Scattano i controlli antidroga nella movida catanese e due donne, di 26 e 27 anni, residenti nella provincia di Messina, finiscono in carcere. L’operazione è stata condotta intorno all’1 di notte dai Carabinieri del Nucleo Investigativo, nell’ambito dei servizi predisposti dal Comando Provinciale per garantire sicurezza e legalità nei luoghi della vita notturna. Le due giovani – una delle quali già con precedenti – sono ritenute responsabili di detenzione di sostanze stupefacenti ai fini di spaccio, ferma restando la presunzione di innocenza fino a eventuale condanna definitiva.
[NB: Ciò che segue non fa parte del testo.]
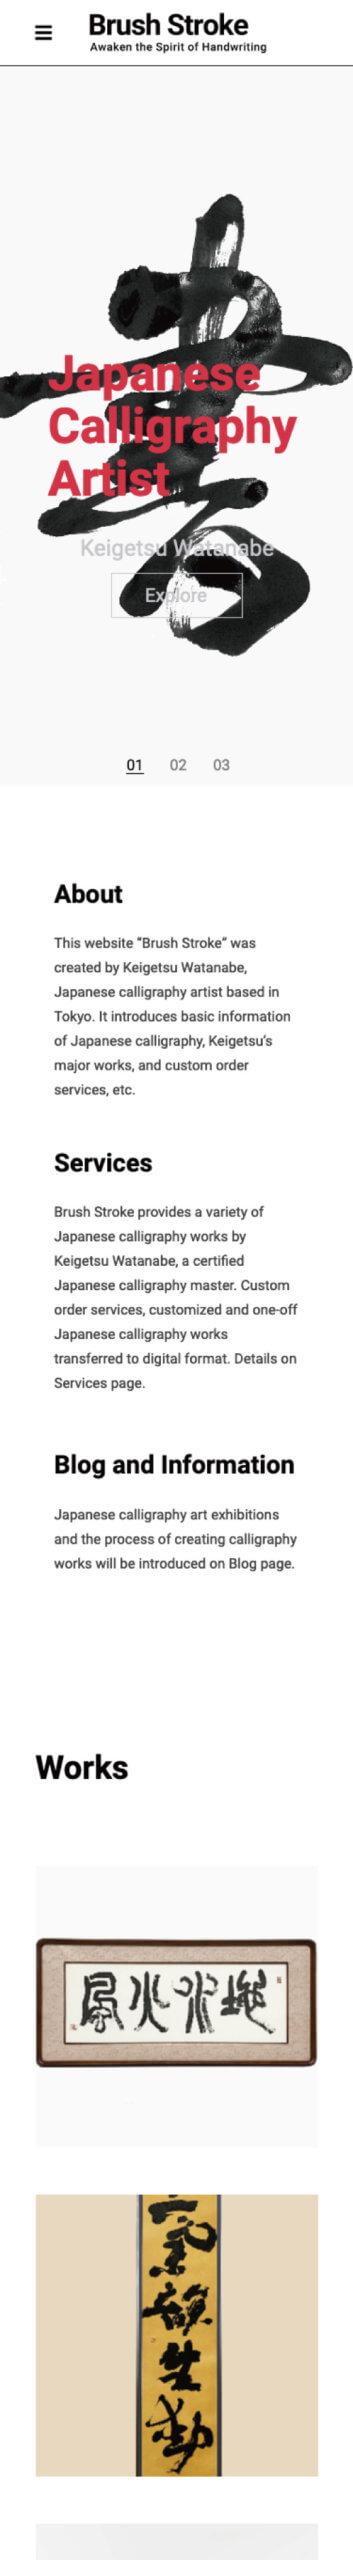 Brush Strokeホームページ、スマホ版

L’intervento è avvenuto all’interno di un locale catanese durante un evento serale. I militari, impegnati in un’attività mirata di prevenzione, hanno riconosciuto le due donne mentre cercavano di confondersi tra i ragazzi in attesa di entrare in discoteca. Dopo averle bloccate, i Carabinieri le hanno sottoposte a perquisizione, trovando numerose dosi di sostanze stupefacenti già pronte per la vendita. Nel dettaglio, le due donne avevano con sé: ketamina, MDMA, cocaina, cocaina rosa (“Tussy”), pasticche sintetiche, per un peso complessivo di quasi 150 grammi.
Si tratta delle cosiddette “droghe da discoteca”, particolarmente pericolose perché spesso adulterate o di composizione incerta, con effetti potenzialmente gravi sul sistema nervoso e cardiovascolare. L’assunzione può provocare malori improvvisi, intossicazioni acute e conseguenze anche letali.
Sulla base degli elementi raccolti – che dovranno essere verificati in sede giurisdizionale – le due giovani sono state arrestate e messe a disposizione dell’Autorità giudiziaria, che ha disposto per entrambe la custodia cautelare nel carcere di Catania – Piazza Lanza.